Given material ->
========================================================================
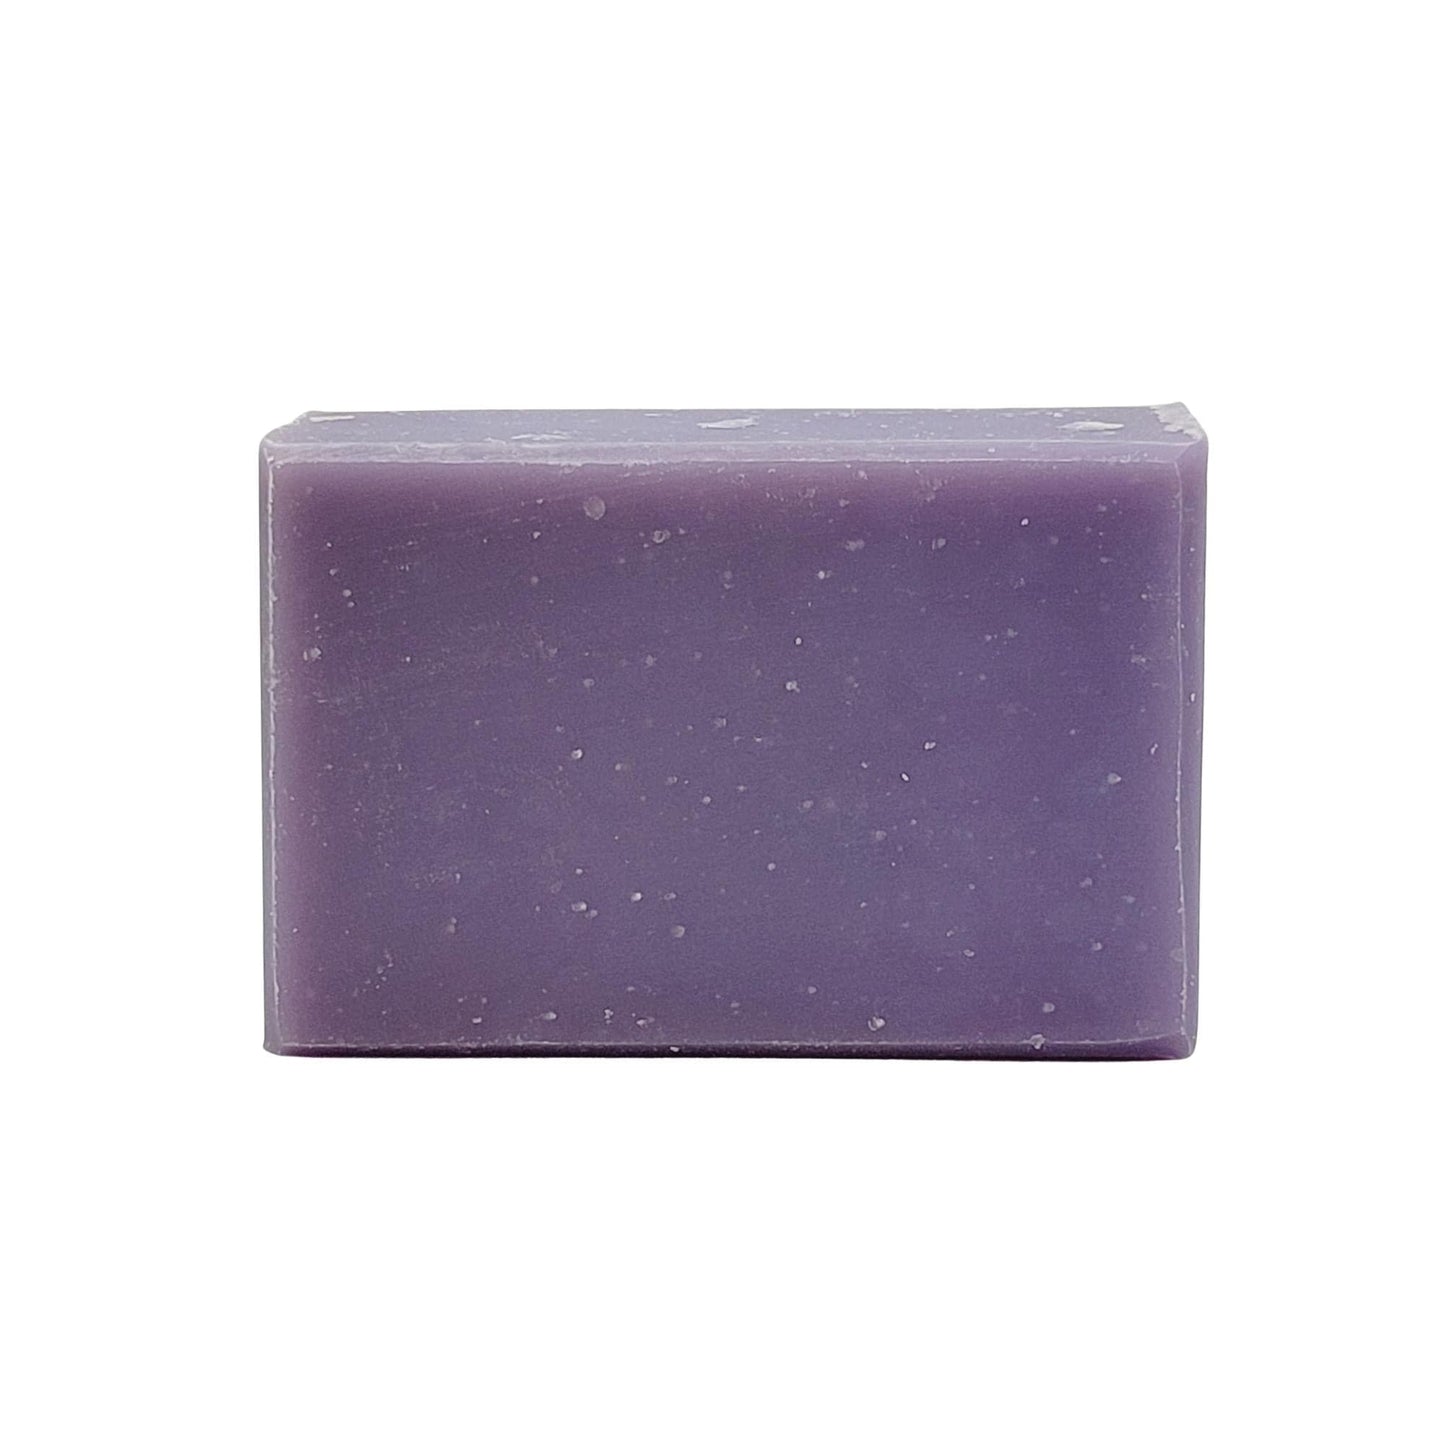 Lavender Goats Milk Soap With Shea Butter | 5 oz | Steel & Saffron - Steel & Saffron Bath Boutique Inc.
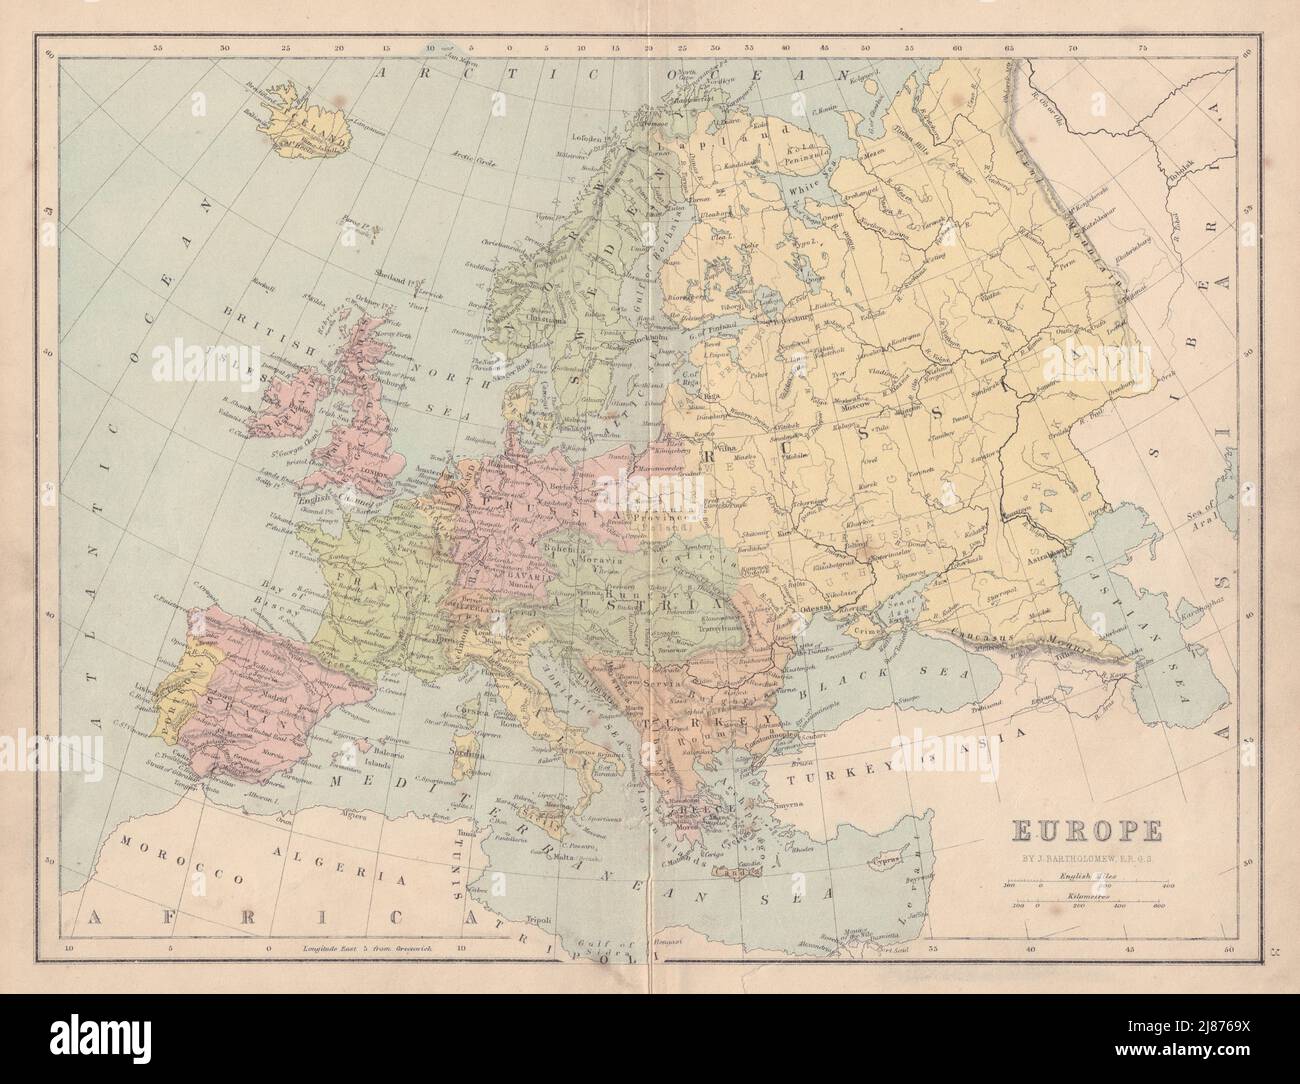 EUROPA política. Alemania Unida marcada como Prusia. COLLINS 1873 mapa antiguo Foto de stock
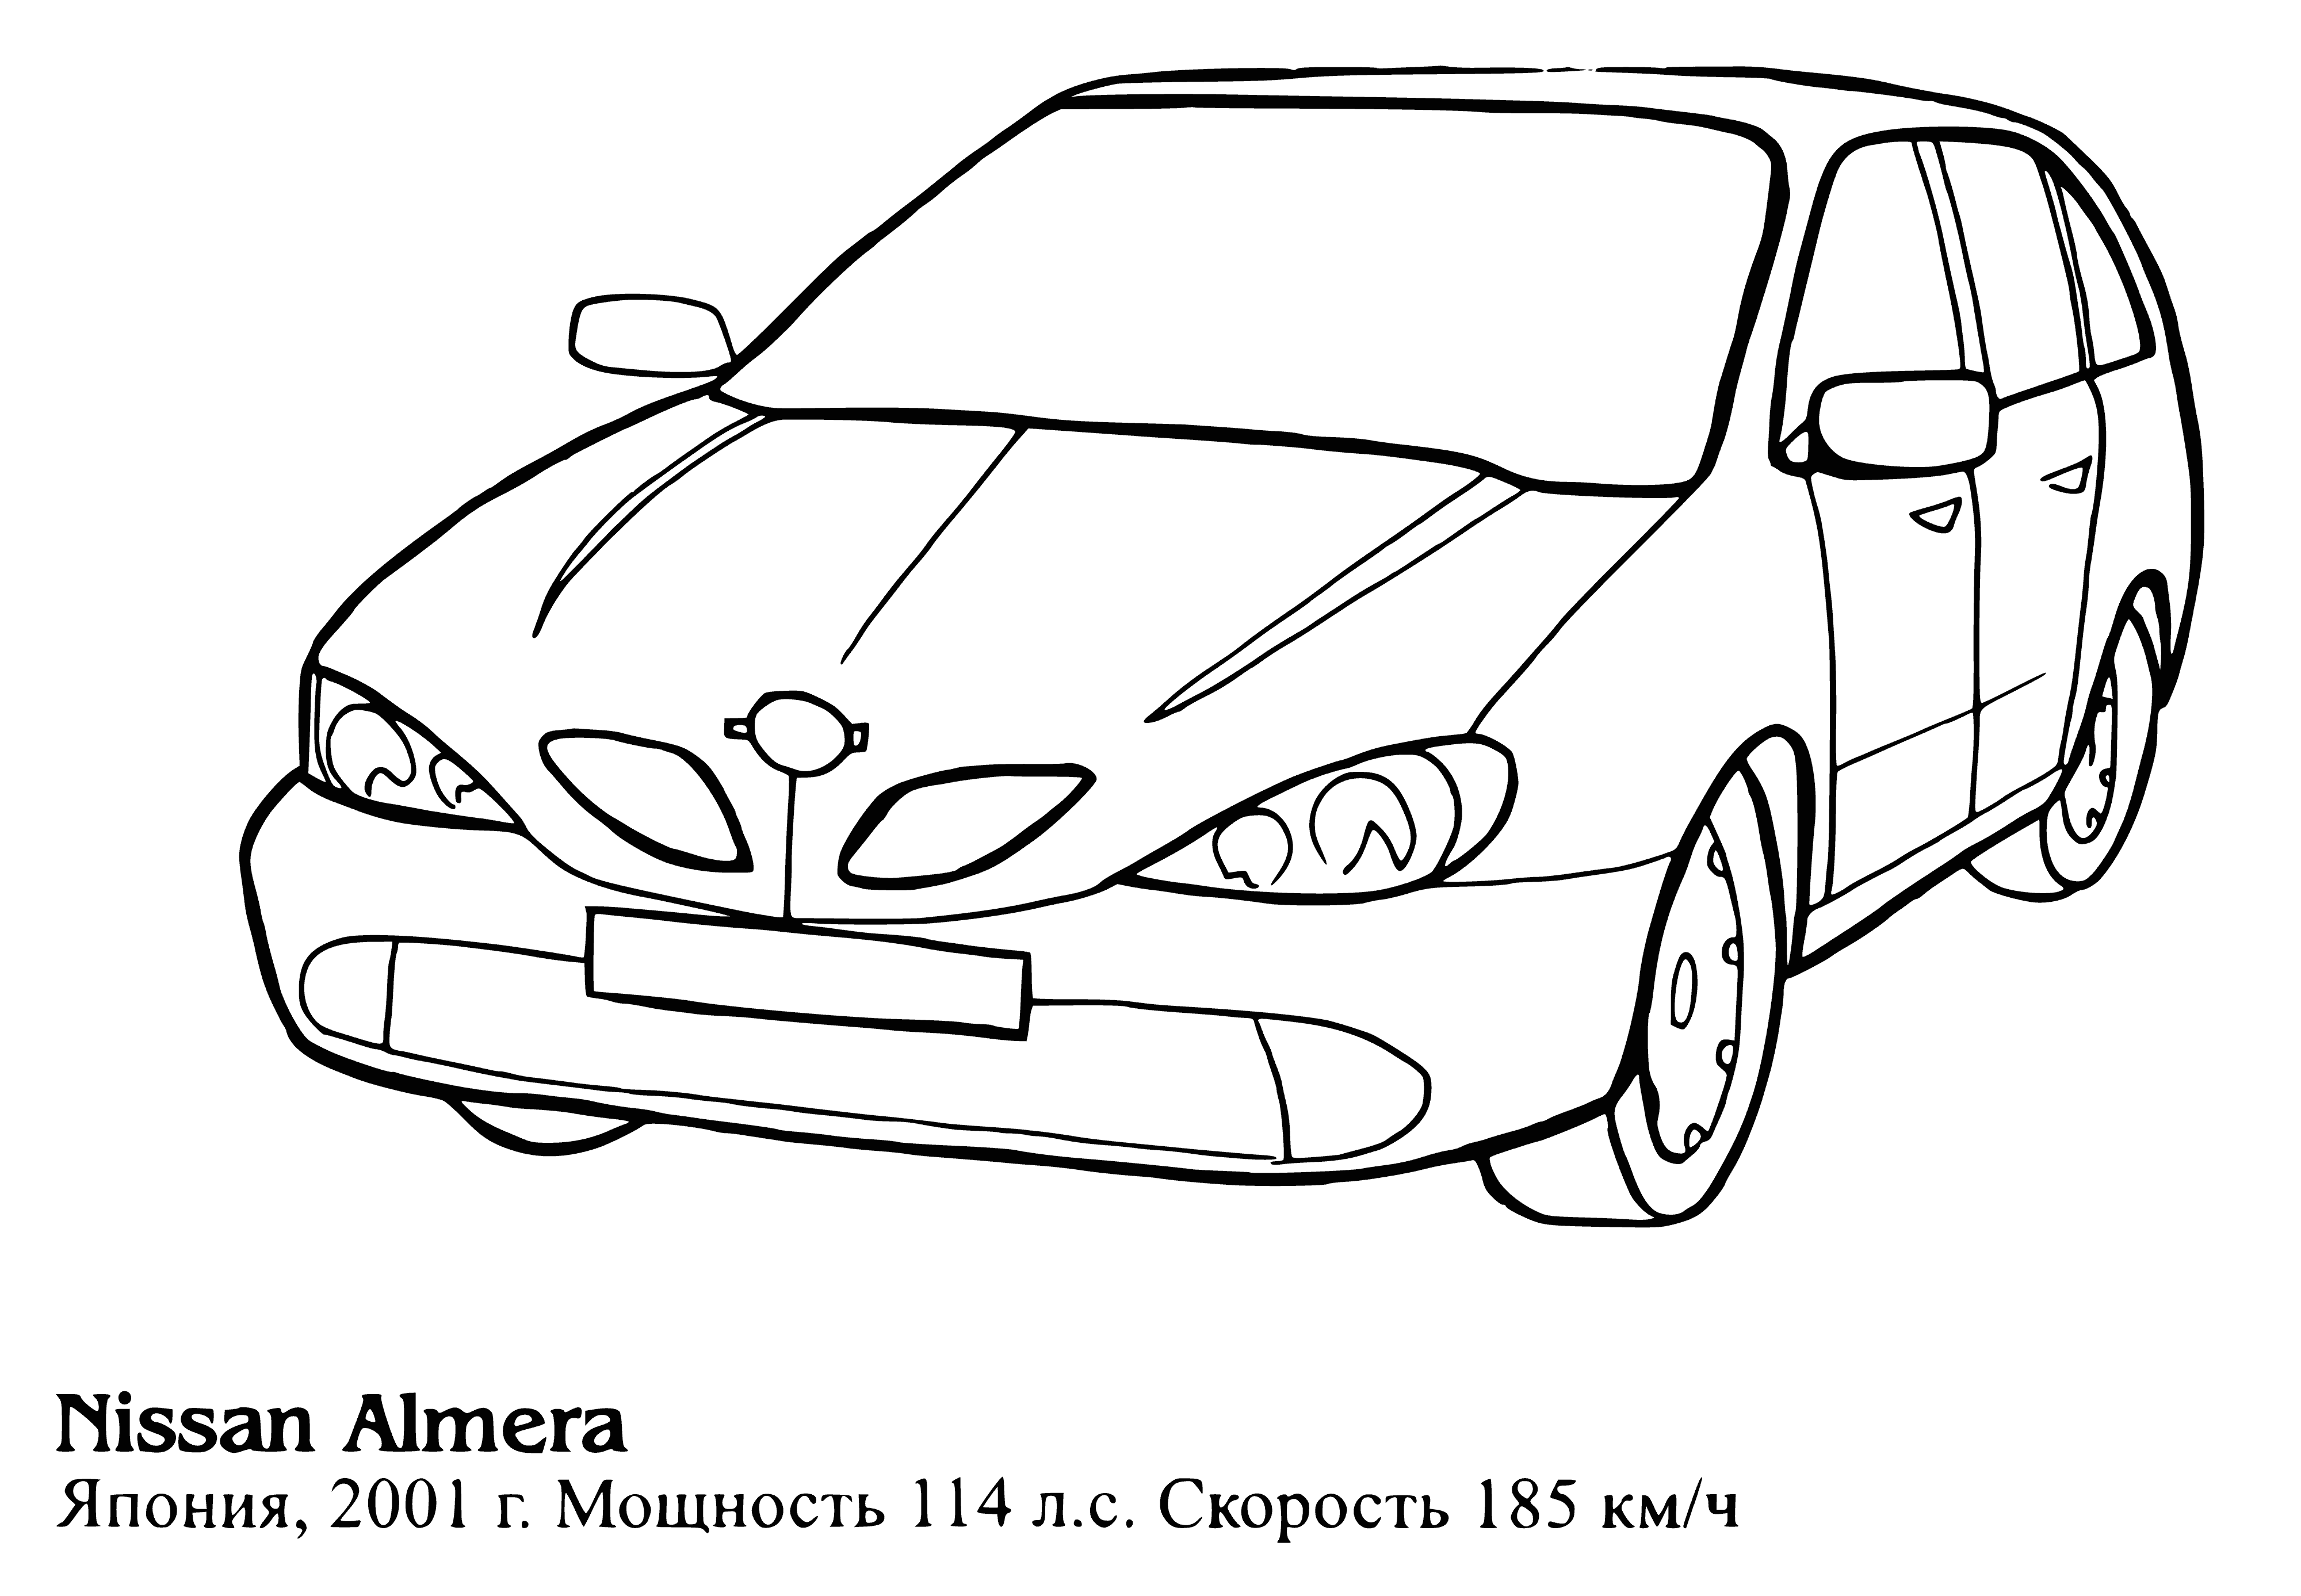 Nissan Almera boyama sayfası
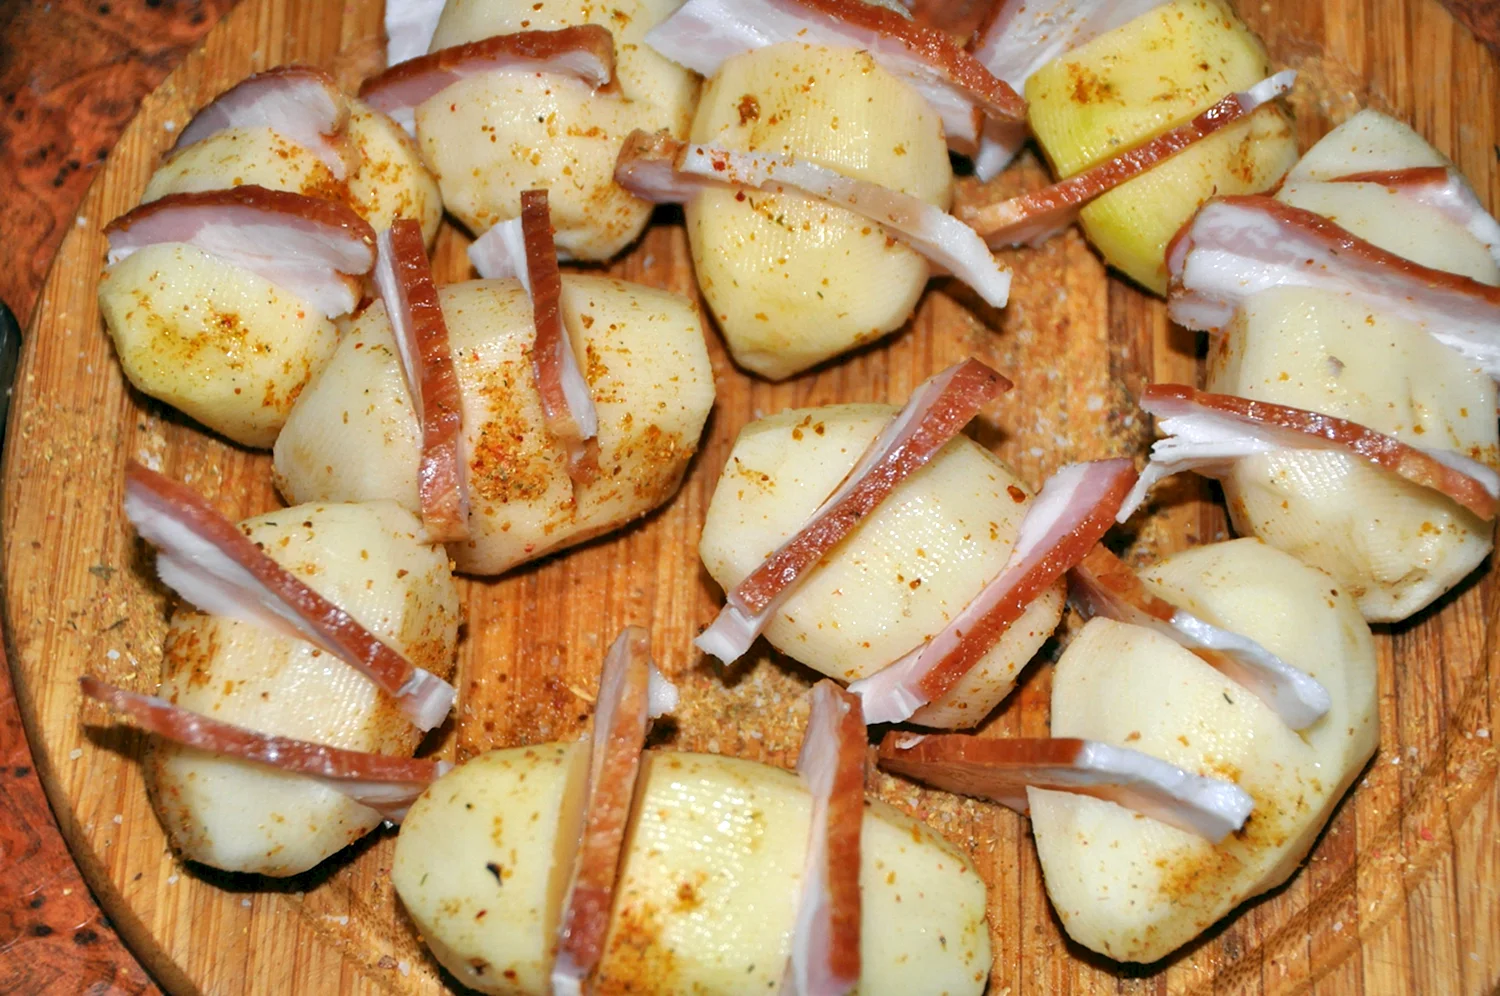 Картошка с беконом в духовке
========================================================================
To do ->
Going from the line that holds "EUROPA política. Alemania" to the end of the listing above, copy each line exactly and nothing more, leaving pictures aside.

Exercise answer ->
 EUROPA política. Alemania Unida marcada como Prusia. COLLINS 1873 mapa antiguo Foto de stock
 Nissan Almera boyama sayfası
 Картошка с беконом в духовке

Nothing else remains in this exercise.